Daisy shook her head. "I dare not endanger him, or you. We've discussed this before."

The packmother of Signatus, though she agreed with Daisy's judgement, said, "You have given the pack a new member, and therefore will always have a home among us should you choose to claim it."

"Thank you," Daisy replied. "I hope in time, when my father's suspicions are eased and his watchfulness relaxed, that I will be able to accept your offer. But I fear that it will be a very long wait." And with that she returned to the edge of the forest to meet her aunt.

Daisy's aunt, upon seeing her, asked, "Are you well enough? And what will the hermit-woman do with It?"

Daisy sighed dully, and answered, "I am as well as I can be. The midwife can leave It for the wolves."

The aunt shook her head sorrowfully. She was reluctant to return the suffering girl to the farmer's house, but Daisy put on the brightest manner she could manage, and her aunt said nothing of her worry. O'Dell received his daughter gladly, pleased that she'd put weight back on after her previous illness, and made his sister-in-law welcome for several days before she returned to town.

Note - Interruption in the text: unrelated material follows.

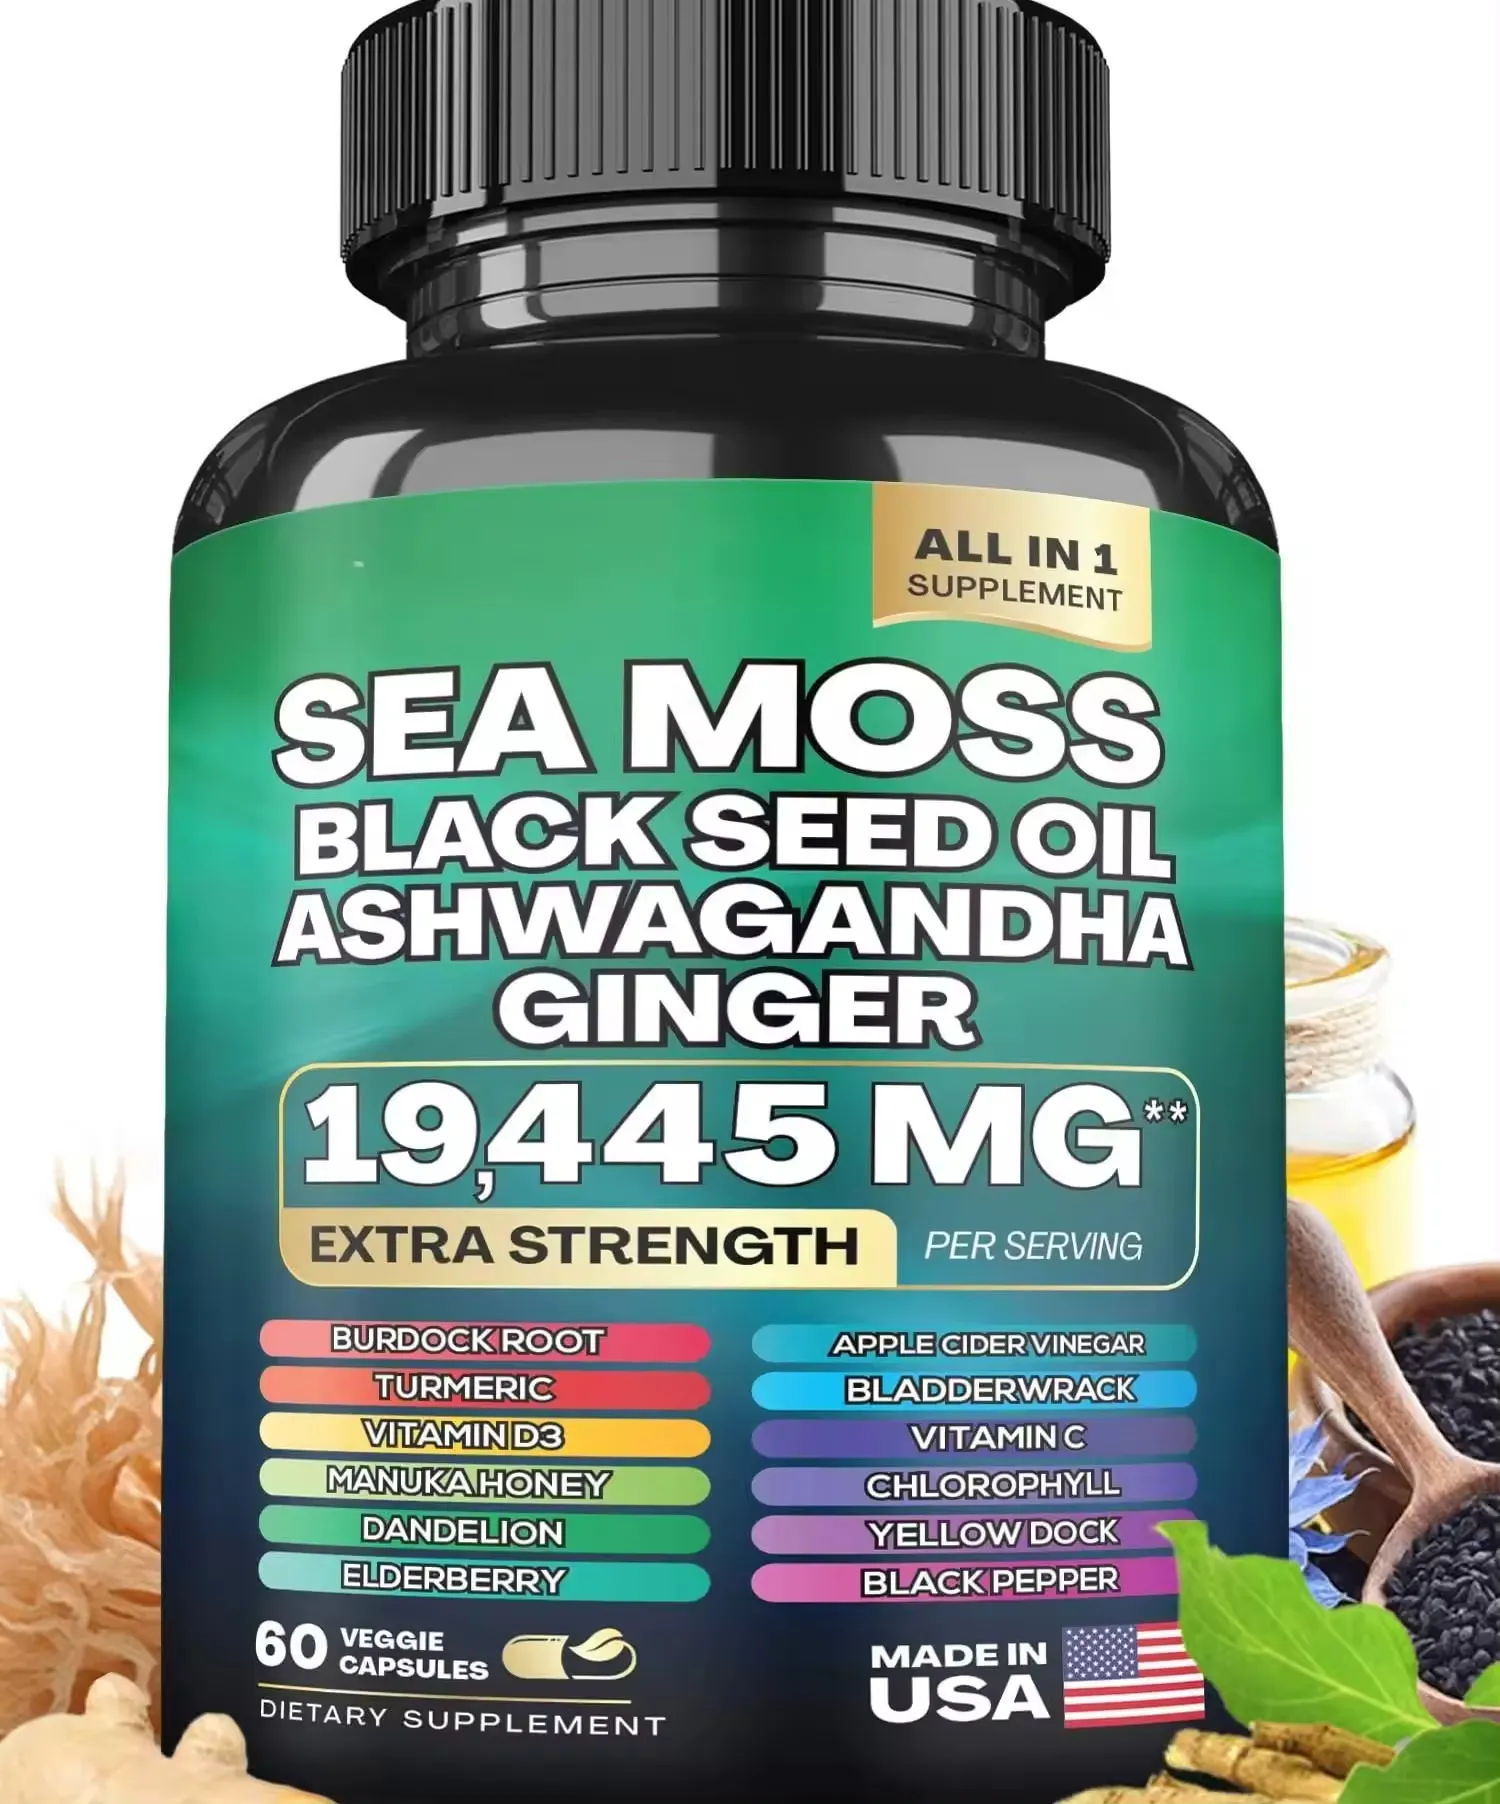 Capsules de mousse de mer 3000mg Huile de graines noires Ashwagandha Curcuma Bladderwrack Bardane Vitamine D3 Supplément de capsule de mousse de mer

Daisy never once alluded to the last summer's events. Her father saw that she returned to her former chores and habits, save that she was not permitted to walk alone. He guarded her all the more closely for having so nearly lost her, although he needed no longer chase off would-be suitors. Daisy's sorrows had sapped her beauty and cheerfulness.

As the months passed, Daisy's brothers became increasingly absorbed in their own concerns and paid little heed to watching her. Her father, however, did not forget. He taught his dogs to follow her and herd her like a sheep. He kept the farmhouse locked securely at night, the keys under his pillow. Daisy remained a prisoner, even though she was meek and biddable, showing no sign of rebellion or desire to escape.

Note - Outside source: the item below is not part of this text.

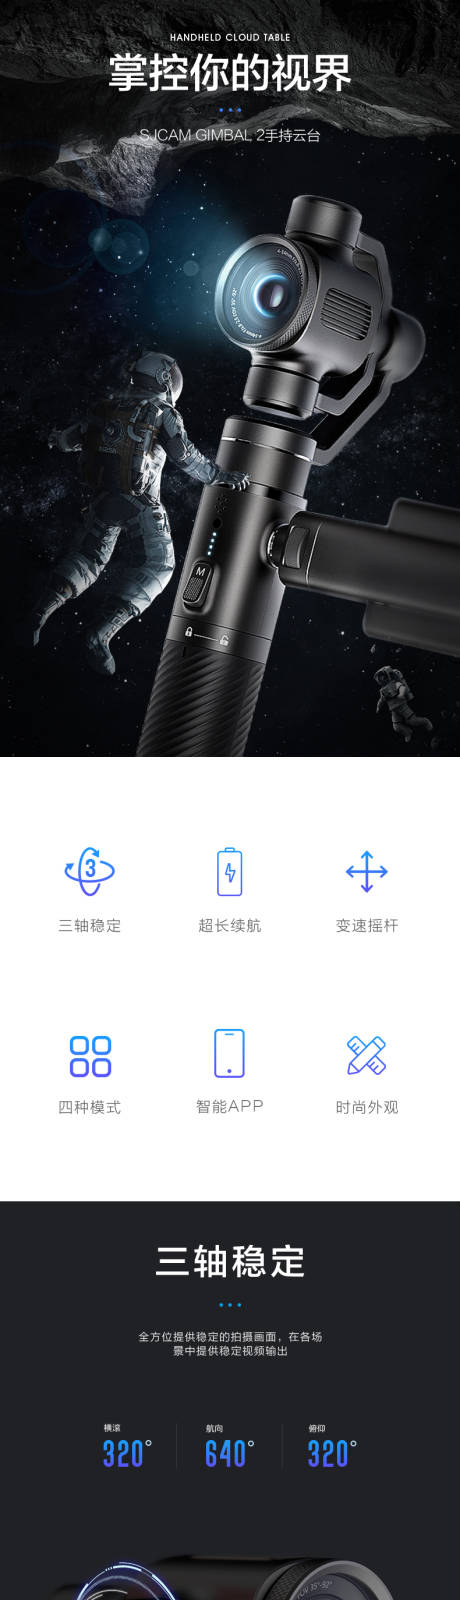 淘宝3C手机稳定器云台详情页模版-源文件【享设计】

Months turned to seasons, and in the following spring Daisy took to growing herbs close to the house. That summer she harvested the soft, silvery leaves of a sweet-smelling perennial she called artemisia to make a pale green, licorice-flavored cordial for her father. When the cordial had fermented, she began giving him a glass every evening that autumn, to ease the nerves and sooth the stomach, she said. Daisy was the child of O'Dell's age, and time seemed to be catching up with the tough old farmer. He became weak and absent-minded, requiring her constant attention. All her kinfolk and neighbors marked how devotedly she nursed him for months after a sudden stroke left him half paralyzed, how she never left his side as the attacks became more frequent and severe, until he died, nearly four years after her secret ill-fated affair.

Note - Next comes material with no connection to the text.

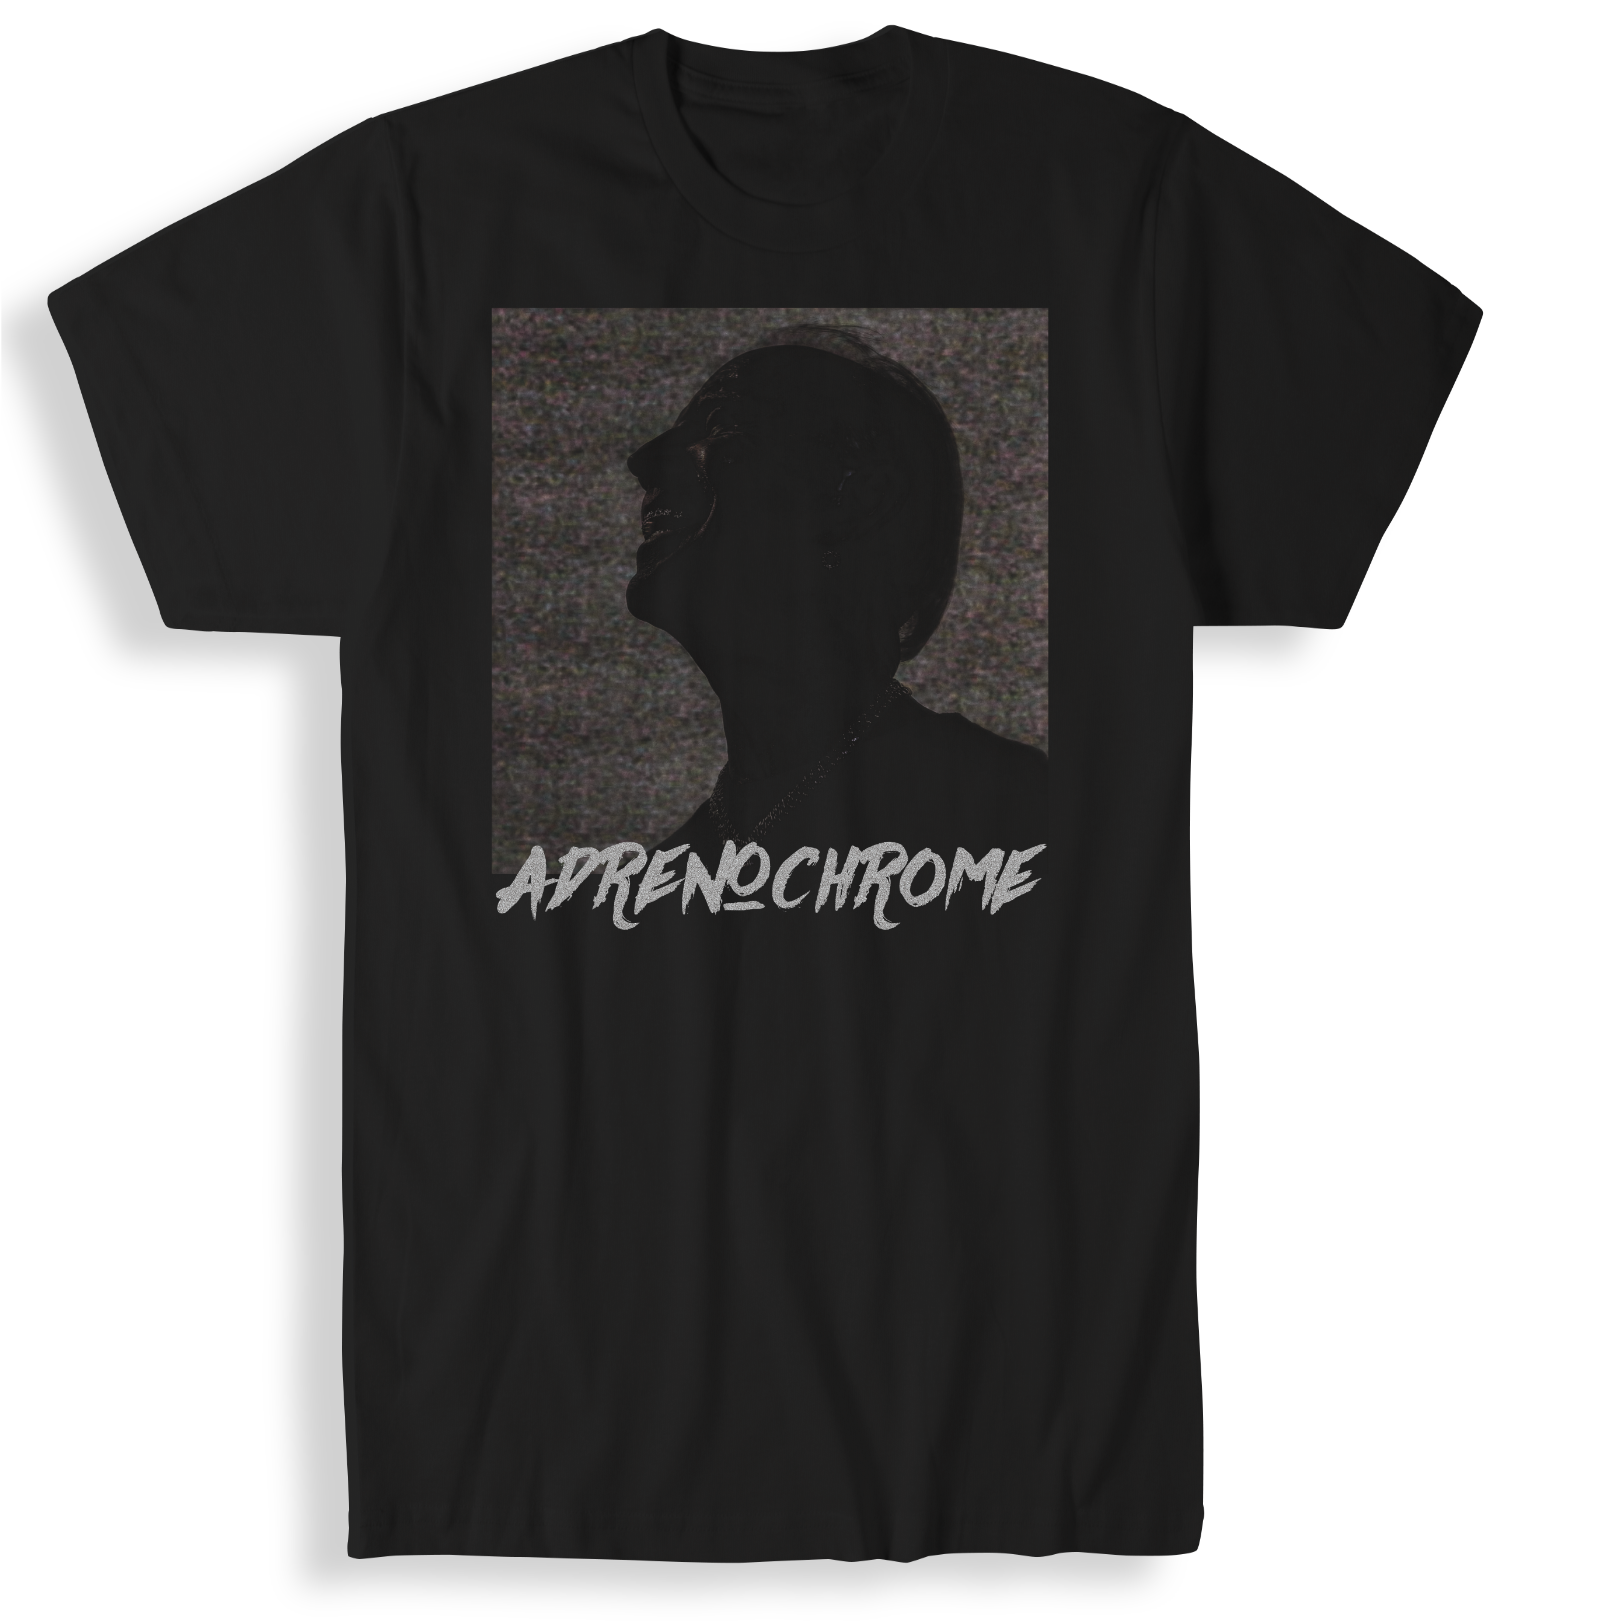 Adrenochrome! T-Shirt

Daisy remained in the farmhouse after the funeral, wearing black and hardly venturing out. She divided up most of her father's things among her brothers: the fields, the livestock, even the dogs, though her youngest brother thought she should keep one as a watchdog. As months passed, the eldest brother became concerned. He ought to have the lion's share of the O'Dell estate, and worried that Daisy might marry and take the house and what remained for her husband. As it turned out, though, his fears proved groundless. For after that year's harvest fair, Daisy disappeared, to all appearances run away with the gypsies. The O'Dells washed their hands of her and ignored the wagging tongues of the neighbors. Her aunt, wiser than the rest, thought otherwise. Without knowing the full truth, she privately surmised that Daisy had sought out her former lover. And, in fact, she had returned to the forest to be reunited with her young son and his father. And it is further said that in time the half-wolf cub grew to become packleader of Signatus. So although stories of wolves cannot end in Happily Ever After in the Nine Kingdoms, perhaps they need not end in death by horrible curses always.